By the time Michael Chai spotted the other boat bearing down on his craft, it was too late to shout a warning to the captain, and the vessels collided. Within a few seconds, he and 17 other Taiwanese tourists were plunged into Vietnam’s Halong Bay, without life jackets, fighting to survive.
Five people in the party of tourists drowned in Wednesday’s accident, trapped under the hull of their capsized boat, raising fresh questions over safety standards in one of Vietnam’s most visited attractions.
“I love this country, but I am worried about safety,” Chai said in a telephone interview Friday from Halong Bay. “The government should be responsible for this.”
Each day, up to 10,000 tourists from around the world sail Halong Bay, a UNESCO heritage site three hours east of the capital, Hanoi. For many, it’s the highlight of their trip to this scenic Southeast Asian country. But at least four deadly accidents over the last 10 years and many more alarming safety incidents recounted on travelers’ blogs have led to allegations that tour companies are cutting corners.

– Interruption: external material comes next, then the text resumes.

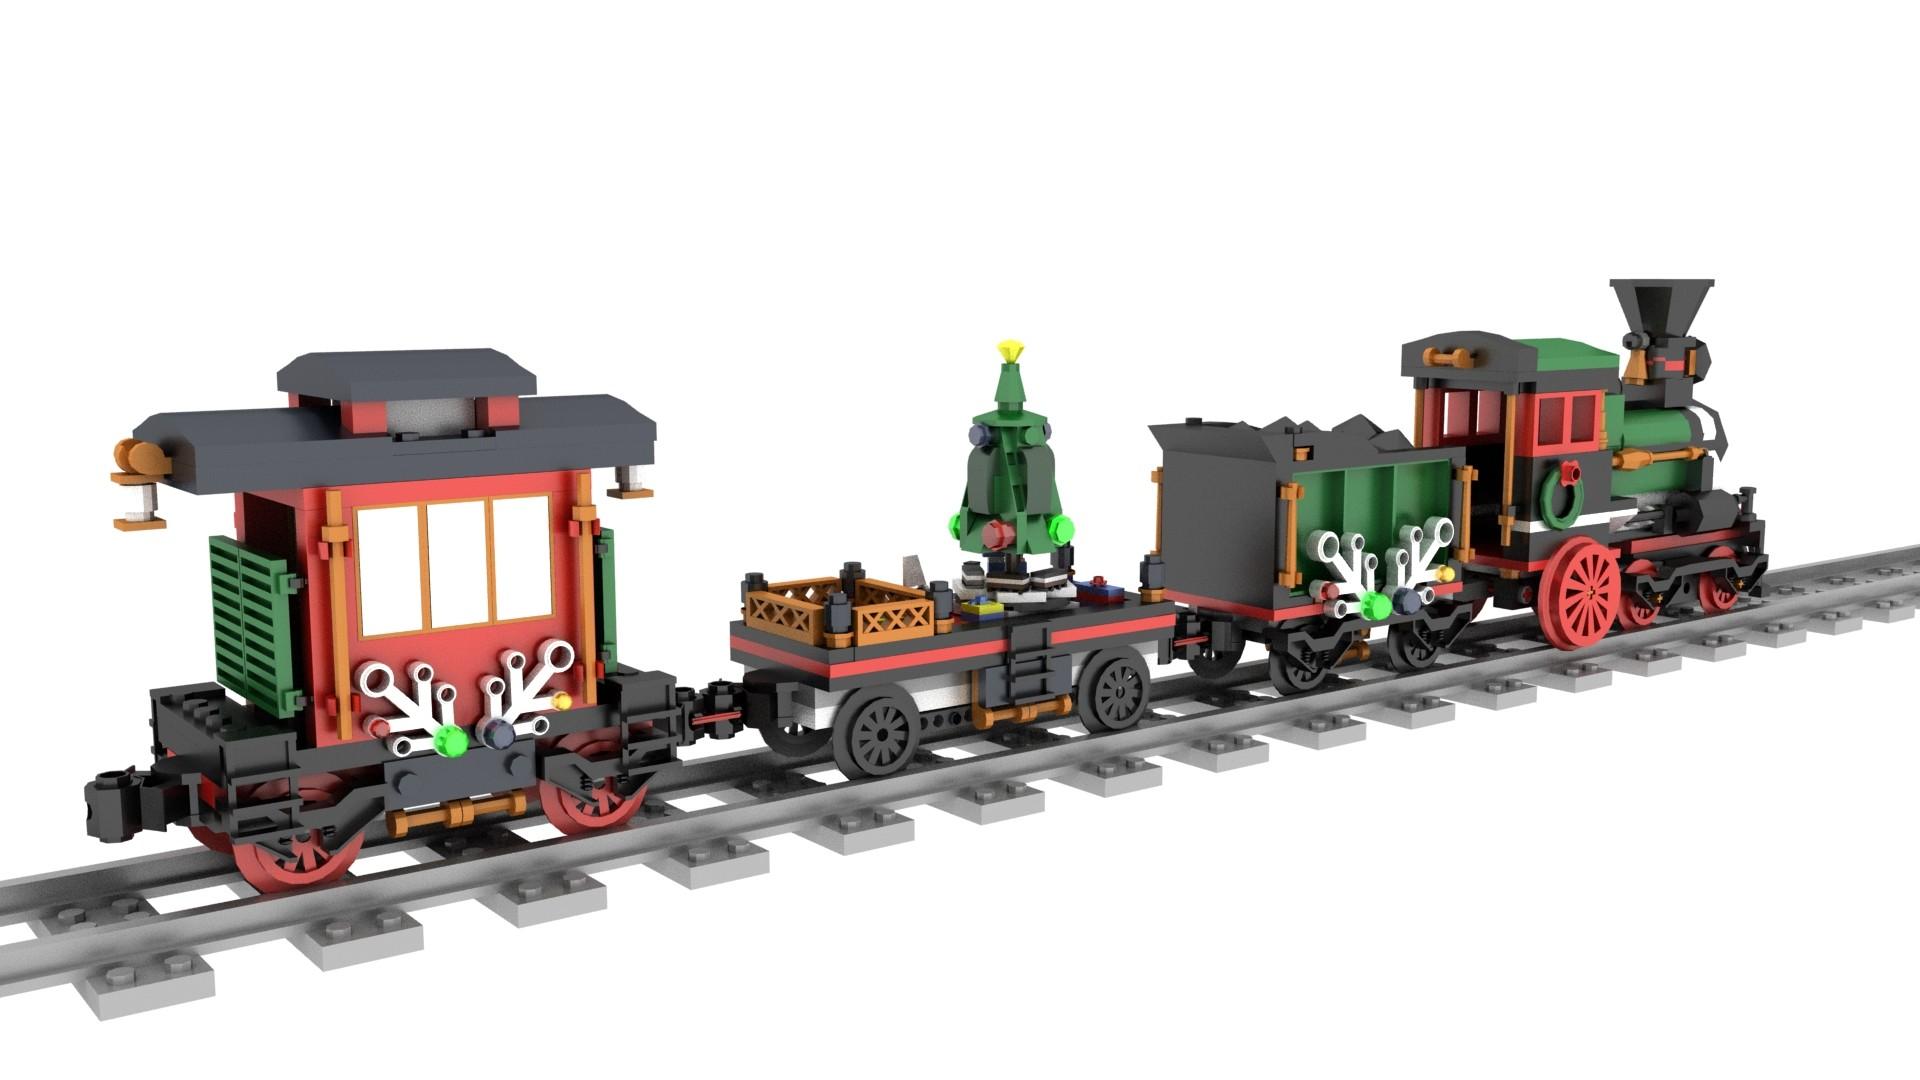 Lego Christmas Train.Tavo Romero Lego Christmas Train
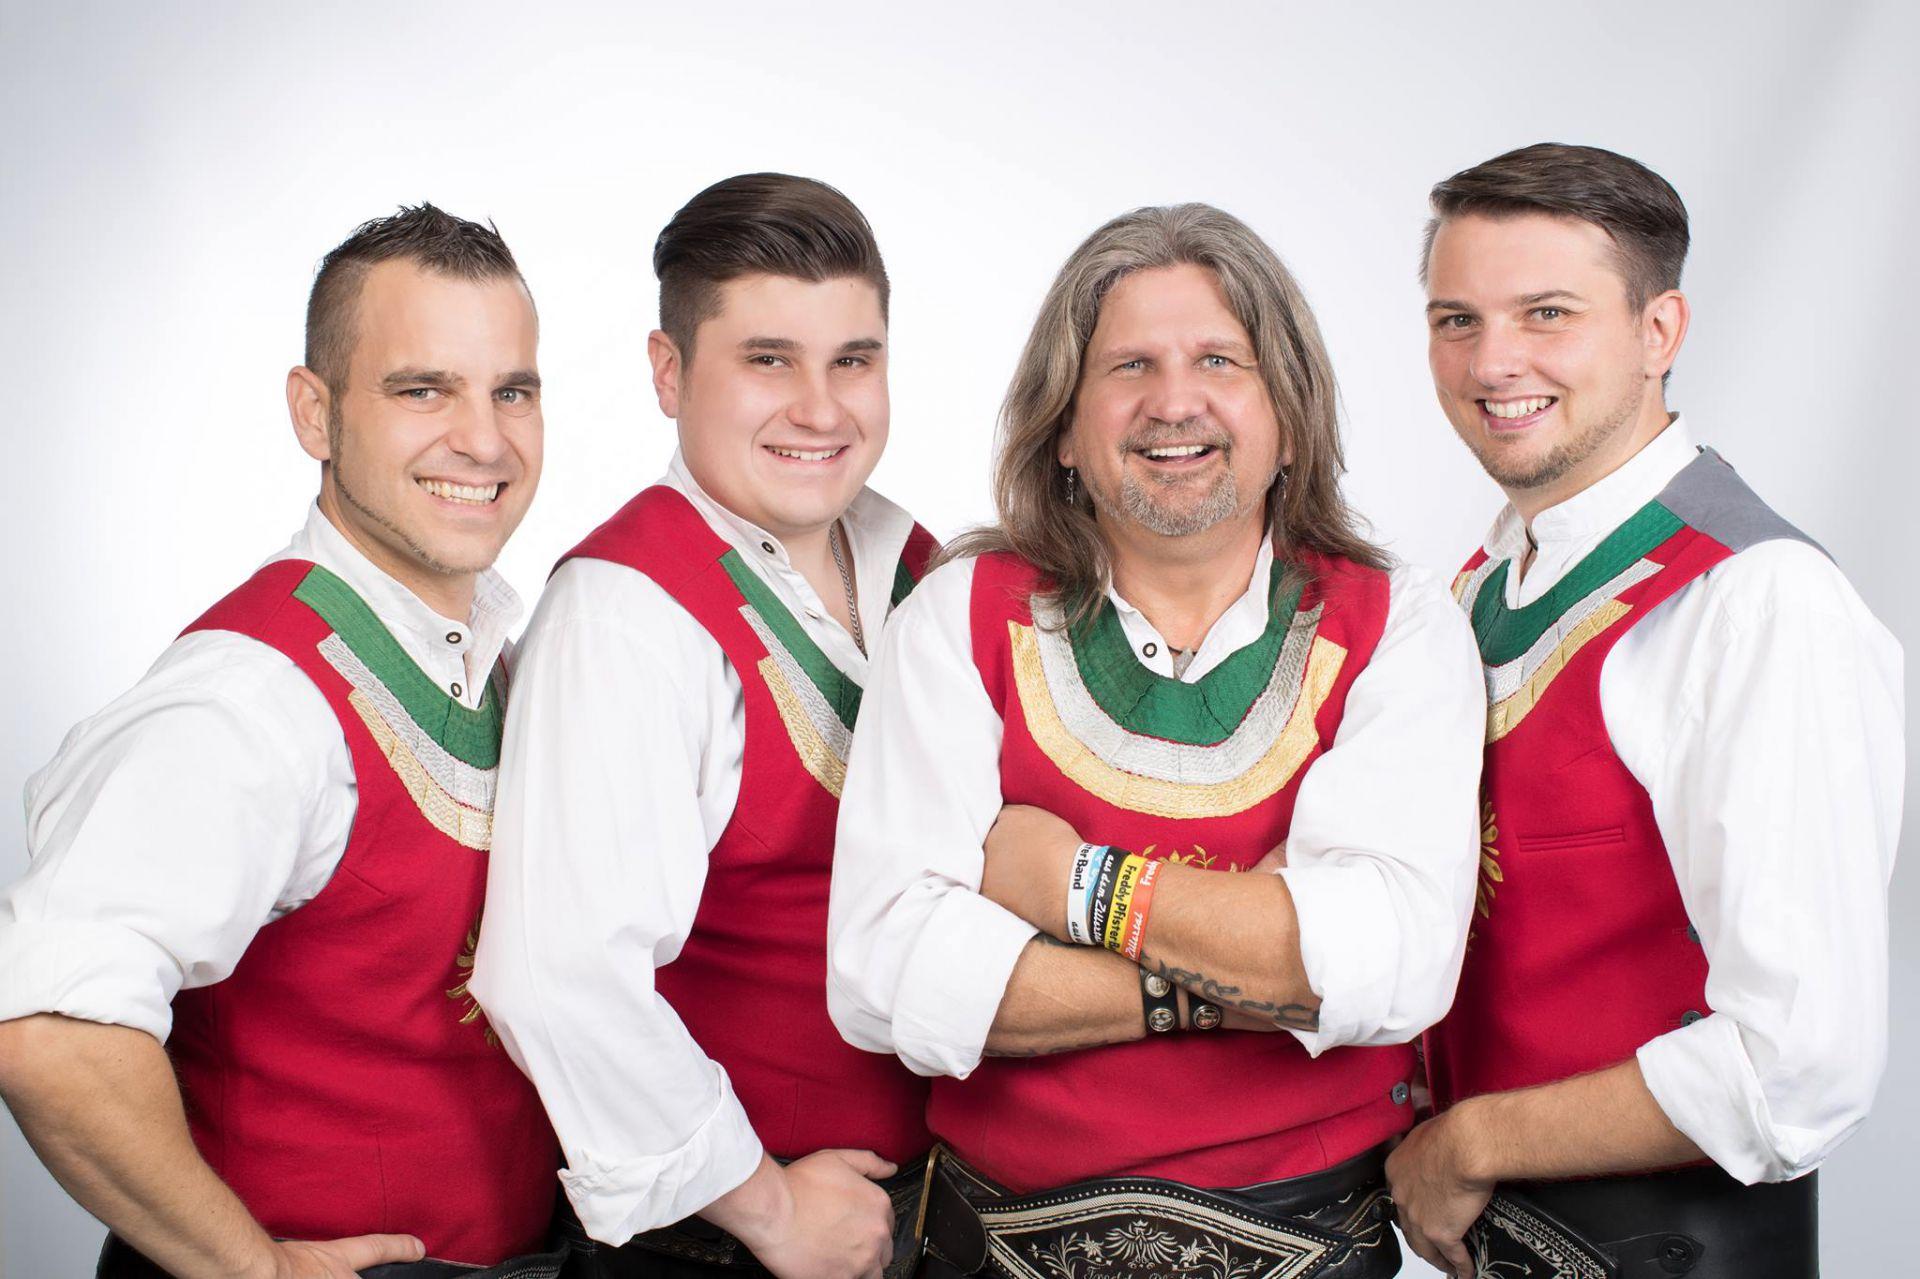 Eerste editie Maibaumfeest met Freddy Pfister Band

The hundreds of boats that sail the bay are of varying quality, from luxury wooden junks to much more basic vessels.
At the bottom end of the market, two-day tours can be booked for as little $80 in some travel agencies in Hanoi’s tourist-clogged Old Quarter.
The Taiwanese tourists had booked their cruise with one of the more expensive and well-regarded companies, Halong Paradise Cruises.
The company declined to comment for this article, saying it was too busy looking after the families of the victims.
Authorities say they are investigating Wednesday’s incident and will charge the boat’s captain.
Last year, 12 people from nine nations died when their boat sank in Halong Bay early in the morning as those on board slept. The captain of the boat was sentenced to 10 years in jail, the chief engineer to eight. An investigation into the accident found that crew had forgotten to close a valve that allowed the vessel to take on water after a pipe in the engine’s cooling system broke.
In Wednesday’s accident, Chai said the holidaymakers were returning to their cruise boat on a smaller, “shuttle” vessel after touring a cave in the bay. The tour guide was joking with them and there was no sign of danger when the shuttle craft was struck by a larger tourist boat operated by another company.
“I was the first person to see the boat coming, but it was too late, it was right next to me already,” Chai said. “The boat sank in less than five seconds.”
Chai said that people were trying to save themselves in the water, but that one of the strongest swimmers in the group – a former Taiwanese navy officer – had been knocked unconscious in the accident and couldn’t help.
Chai said there were no life jackets on the shuttle boat.
“There should have been better safety procedures. On the big boat and our boat, there were no medical or emergency supplies,” he said. “How can you run a company like this?”
Luong Dinh Long, a tour operator in Hanoi’s Old Quarter, said he feared the accident would drive away tourists.
Long said that after last year’s deadly accident, the authorities tightened safety measures that included a requirement that new boats be made of metal, not wood.
“I’m surprised that this accident happened to a luxury cruise company,” he said. “These accidents have a big impact on the Vietnamese tourist industry.”
Last year, some 6 million tourists visited Vietnam, 360,000 of them from Taiwan. Tourism is a vital industry in the developing country, providing foreign currency and jobs to many thousands. In Taiwan, the government issued a notice to tour agents to try and ensure the safety of the boats on the packages they sell. The impact of the accident in Taiwan was felt harder because three Taiwanese tourists also died Wednesday in a boating accident in the Philippines.
Canadian tourist Deb Haugh said she was planning to visit Halong Bay from Hanoi, but wouldn’t stay the night.
“We will go on a day trip, wear our life jackets and hope for the best,” she said.